Writes the entire contents of the tree to a file. file is either a filename or a file-like object opened for writing. encoding is the output encoding to use and defaults to the interpreter default encoding if not specified ('utf-8' or 'ascii' in most cases).

Creating Elements

The types of elements held in an ElementTree are represented by instances of varying types that are either created internally by parsing a file or with the following construction functions:

Comment([text])

Creates a new comment element. text is a string or byte string containing the element text. This element is mapped to XML comments when parsing or writing output.

Element(tag [, attrib [, **extra]])

Creates a new element. tag is the name of the element name. For example, if you were creating an element '<foo>....</foo>', tag would be 'foo'. attrib is a dictionary of element attributes specified as strings or byte strings. Any extra keyword arguments supplied in extra are also used to set element attributes.

fromstring(text)

Creates an element from a fragment of XML text in text—the same as XML() described next.

ProcessingInstruction(target [, text])

Creates a new element corresponding to a processing instruction. target and text are both strings or byte strings. When mapped to XML, this element corresponds to '<?target text?>'.

SubElement(parent, tag [, attrib [, **extra]])

The same as Element(), but it automatically adds the new element as a child of the element in parent.

XML(text)

Creates an element by parsing a fragment of XML code in text. For example, if you set text to '<foo>....</foo>', this will create a standard element with a tag of 'foo'.

XMLID(text)

The same as XML(text) except that 'id' attributes are collected and used to build a dictionary mapping ID values to elements. Returns a tuple (elem, idmap) where elem is the new element and idmap is the ID mapping dictionary. For example, XMLID('<foo id="123"><bar id="456">Hello</bar></foo>') returns (<Element foo>, {'123': <Element foo>, '456': <Element bar>}).

The Element Interface

Although the elements stored in an ElementTree may have varying types, they all support a common interface. If elem is any element, then the following Python operators are defined:

image

All elements have the following basic data attributes:

image

Elements support the following methods, some of which emulate methods on dictionaries:

elem.append(subelement)

Appends the element subelement to the list of children.

elem.clear()

Clears all of the data in an element including attributes, text, and children.

elem.find(path)

Finds the first subelement whose type matches path.

elem.findall(path)

Finds all subelements whose type matches path. Returns a list or an iterable with the matching elements in document order.

elem.findtext(path [, default])

Finds the text for the first element whose type patches path. default is a string giving the value to return if there is no match.

elem.get(key [, default])

Gets the value of attribute key. default is a default value to return if the attribute doesn’t exist.
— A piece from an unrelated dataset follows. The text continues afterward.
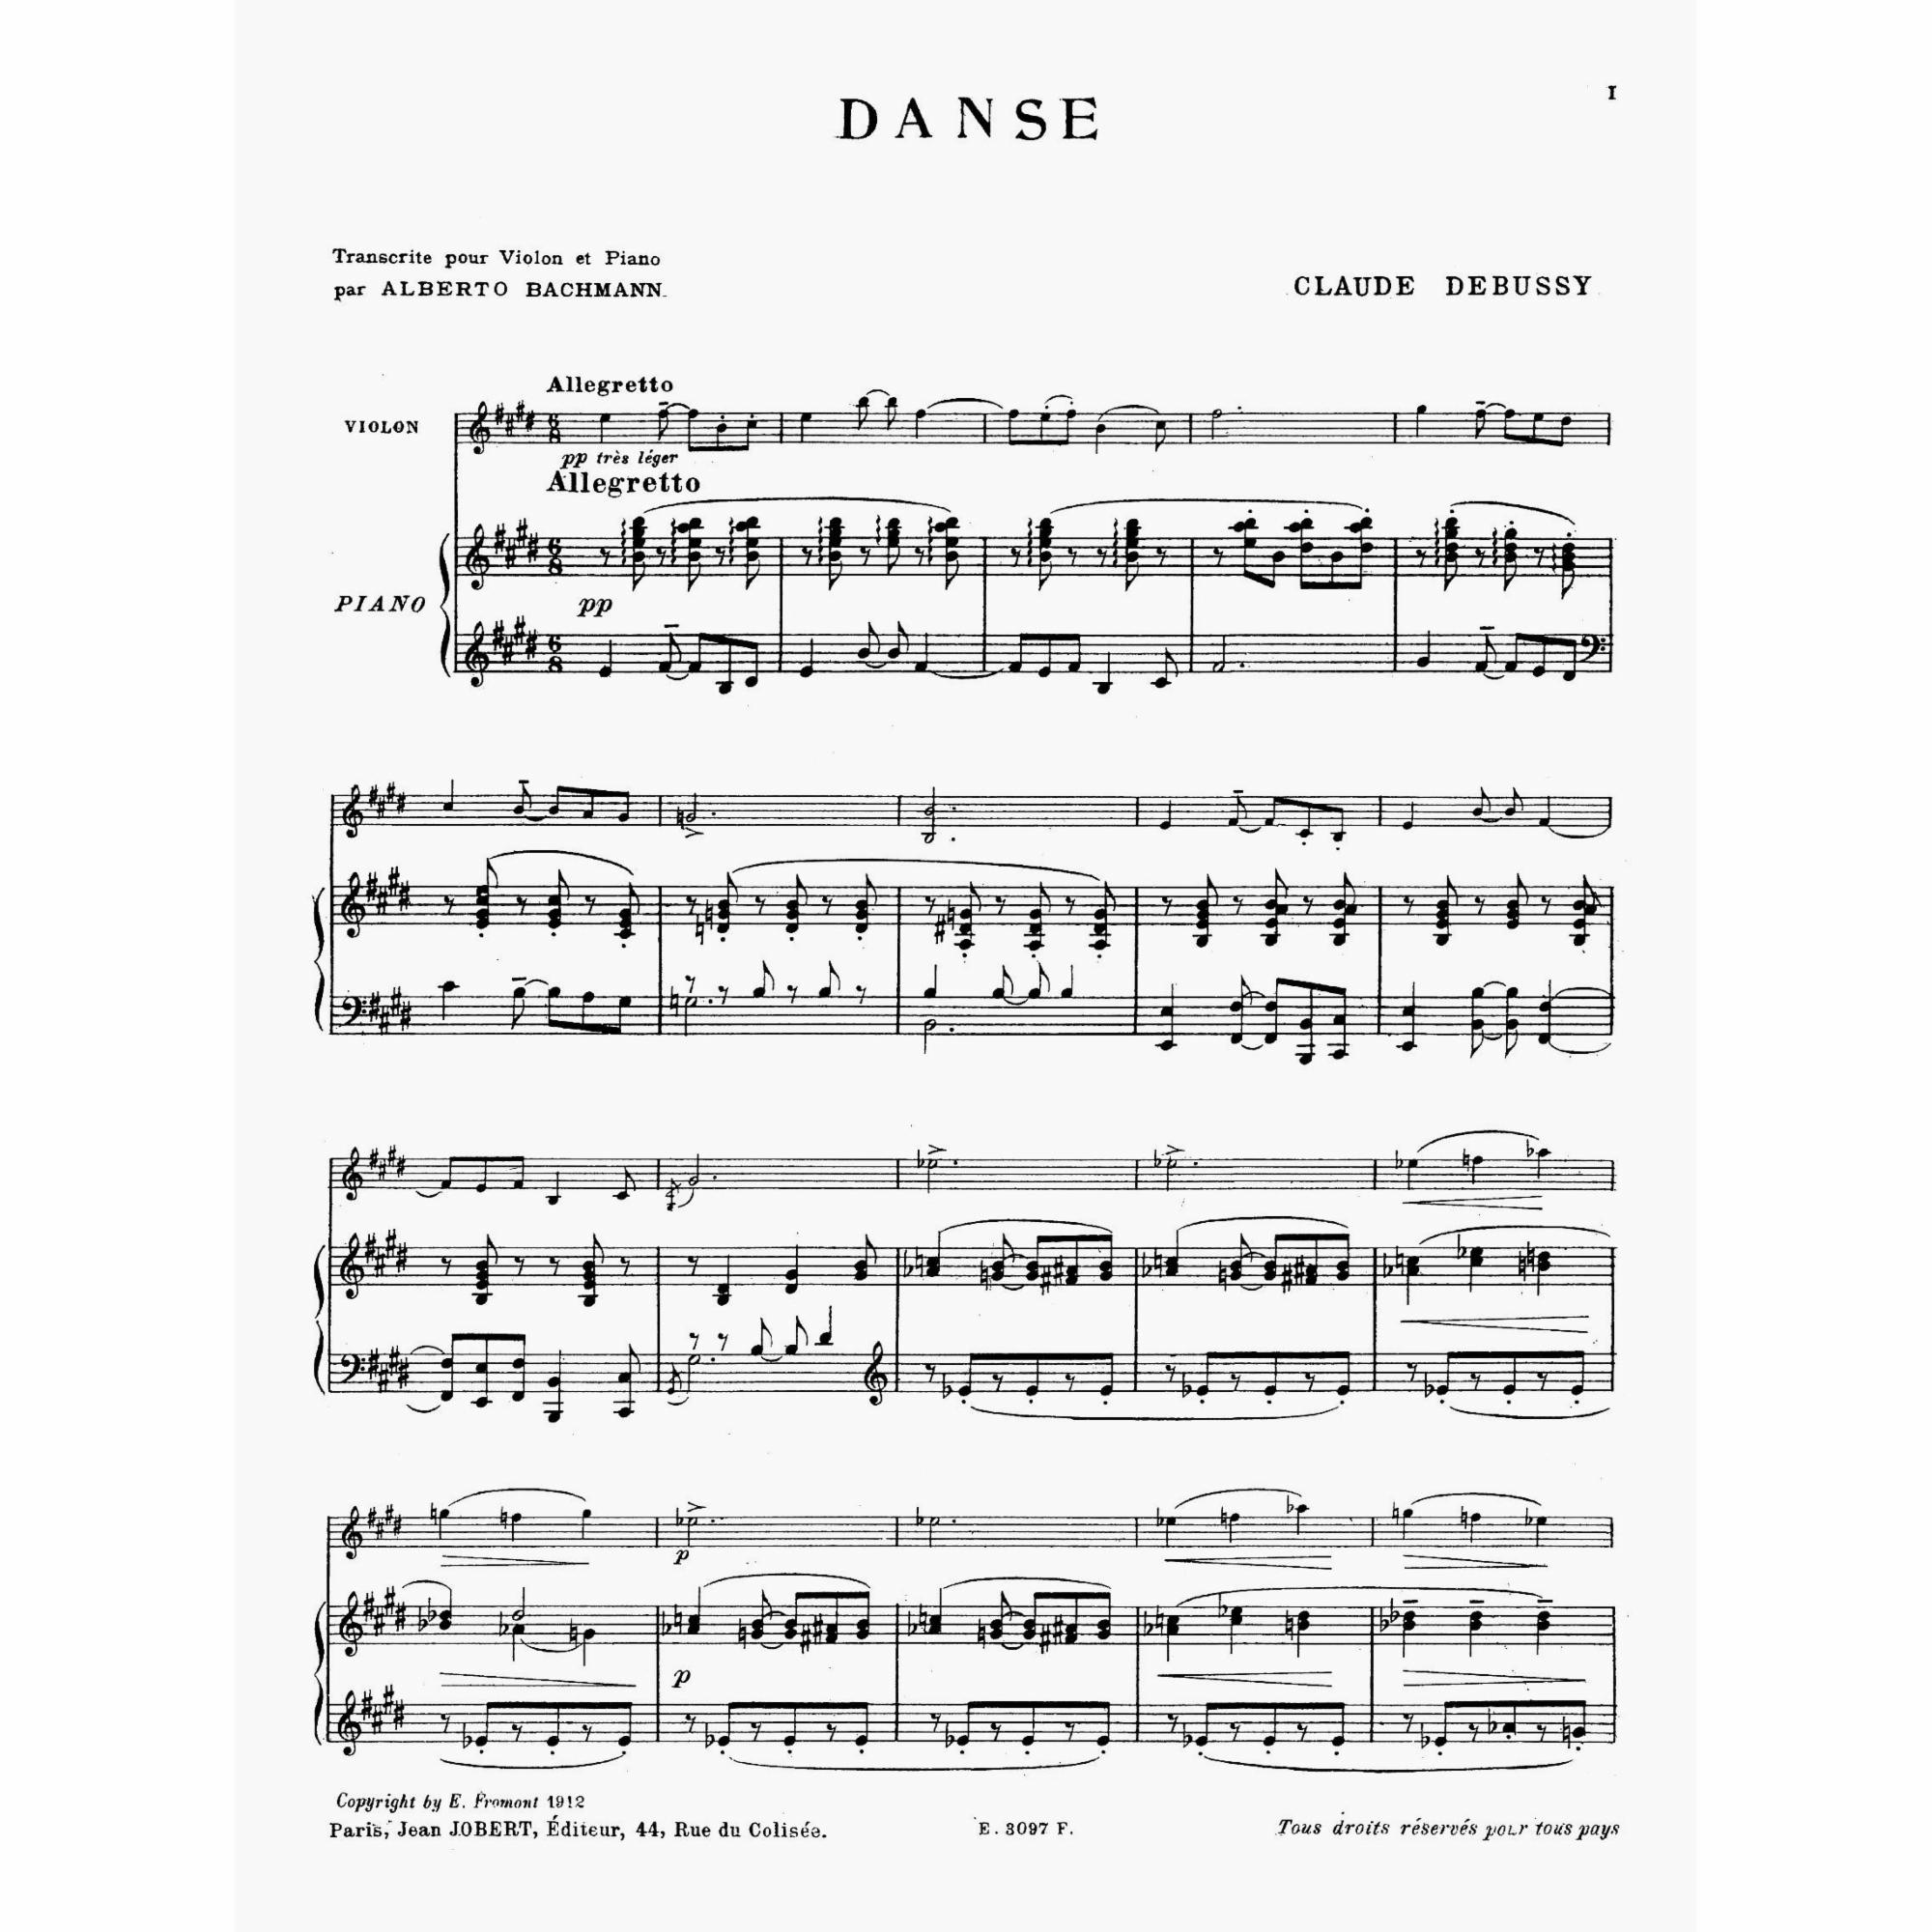 Debussy -- Danse for Violin and Piano | Southwest Strings
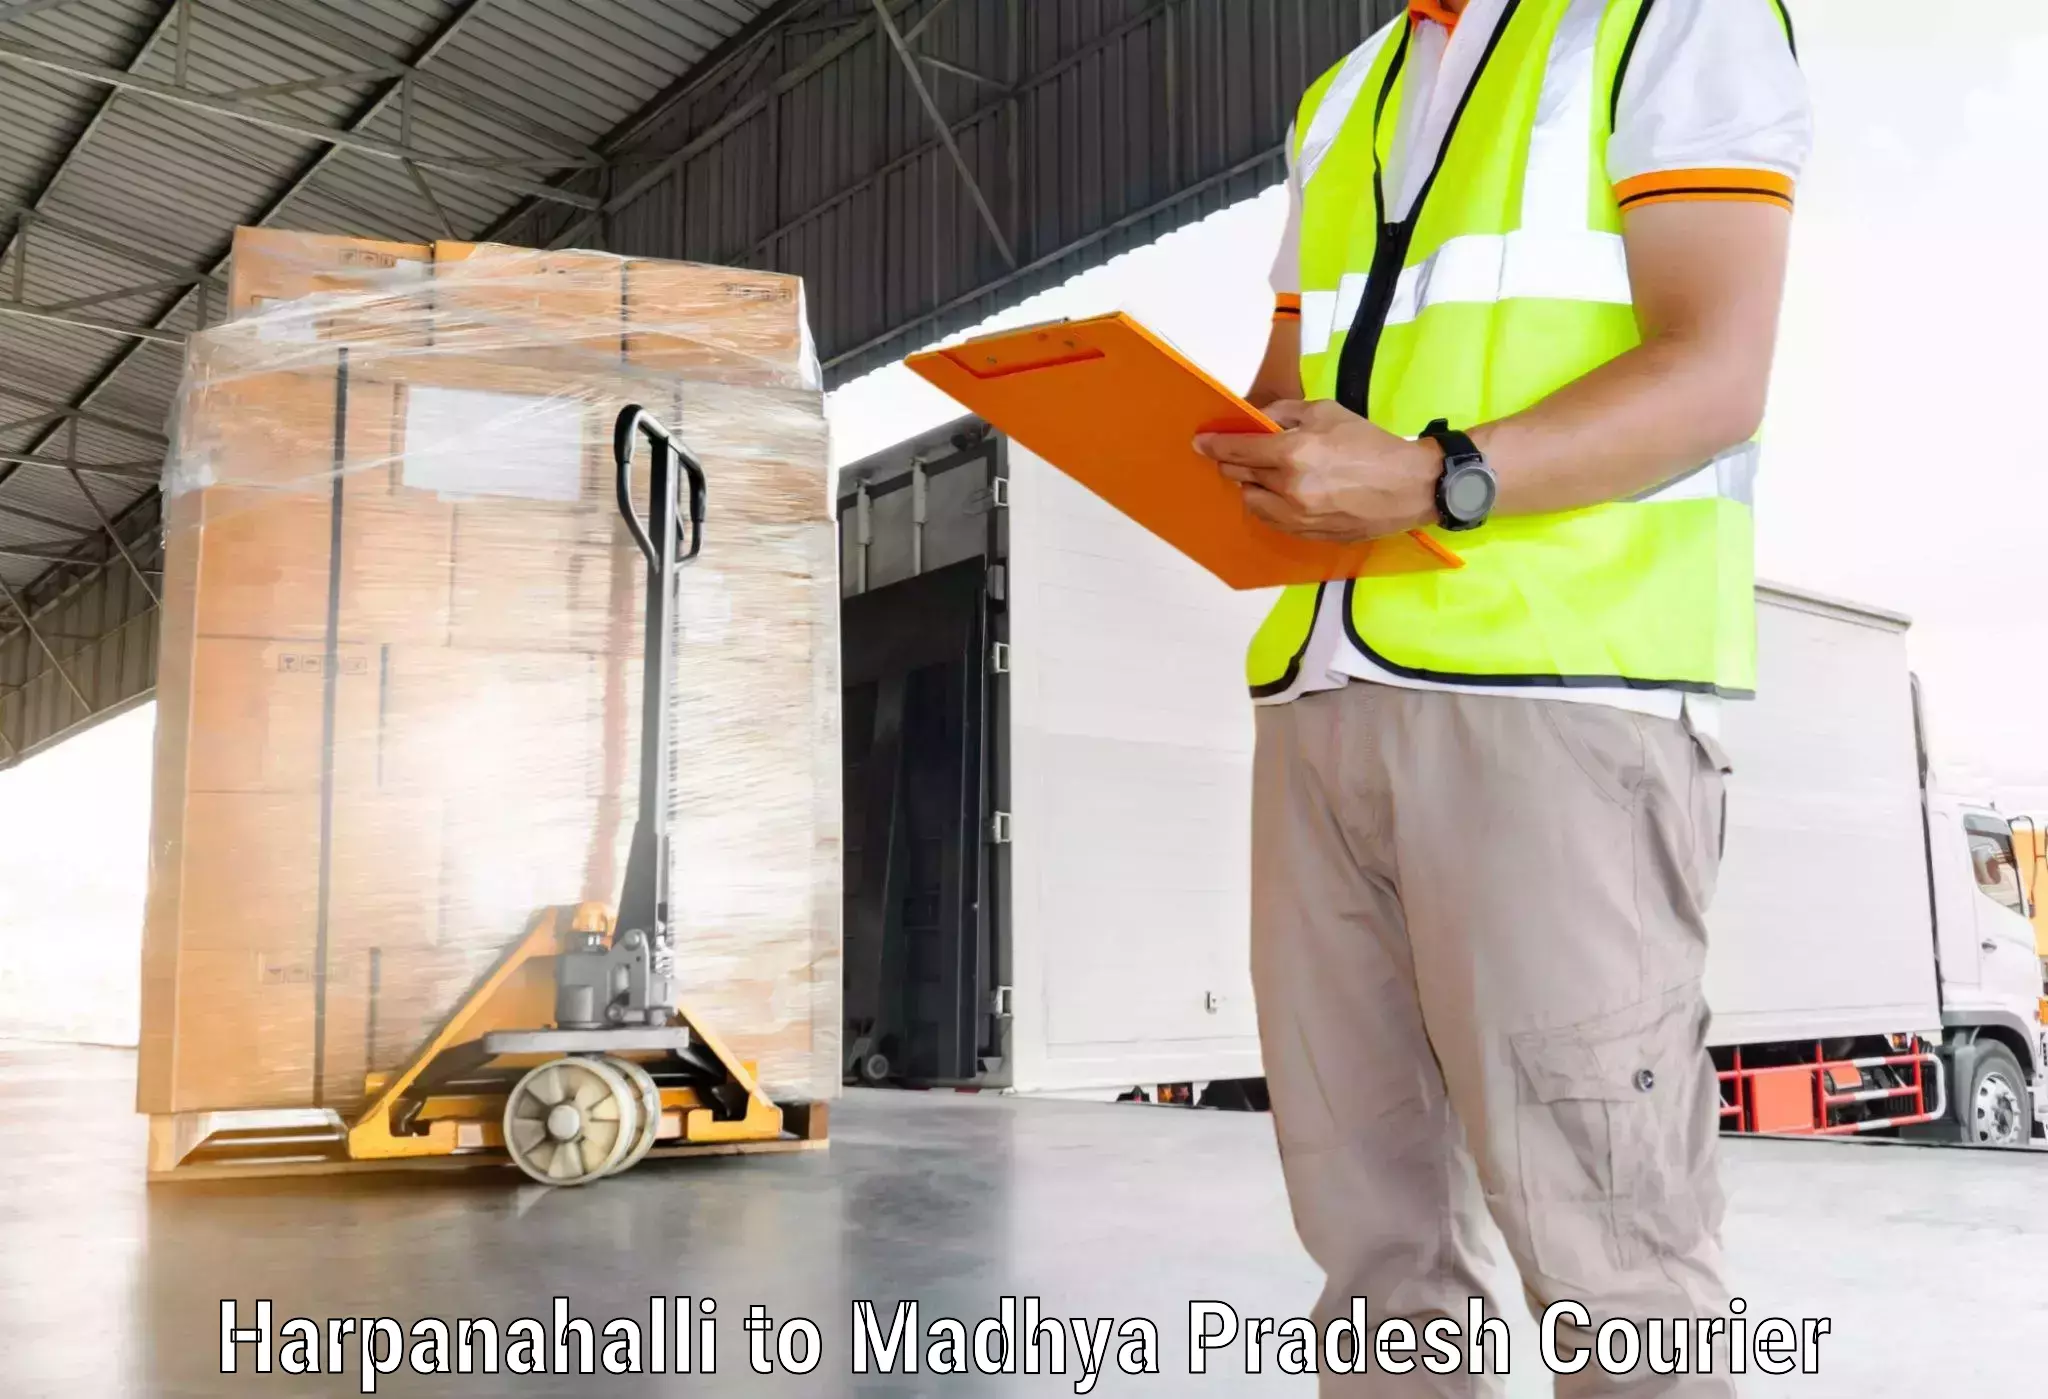 Easy access courier services Harpanahalli to Madhya Pradesh

If XML namespaces are involved, then key will be a string of the form '{uri}key}' where uri is a string such as 'http://www.w3.org/TR/html4/'.

elem.getchildren()

Returns all subelements in document order.

elem.getiterator([tag])

Returns an iterator that produces all subelements whose type matches tag.

elem.insert(index, subelement)

Inserts a subelement at position index in the list of children.

elem.items()

Returns all element attributes as a list of (name, value) pairs.

elem.keys()

Returns a list of all of the attribute names.

elem.remove(subelement)

Removes element subelement from the list of children.

elem.set(key, value)

Sets attribute key to value value.

Tree Building

An ElementTree object is easy to create from other tree-like structures. The following object is used for this purpose.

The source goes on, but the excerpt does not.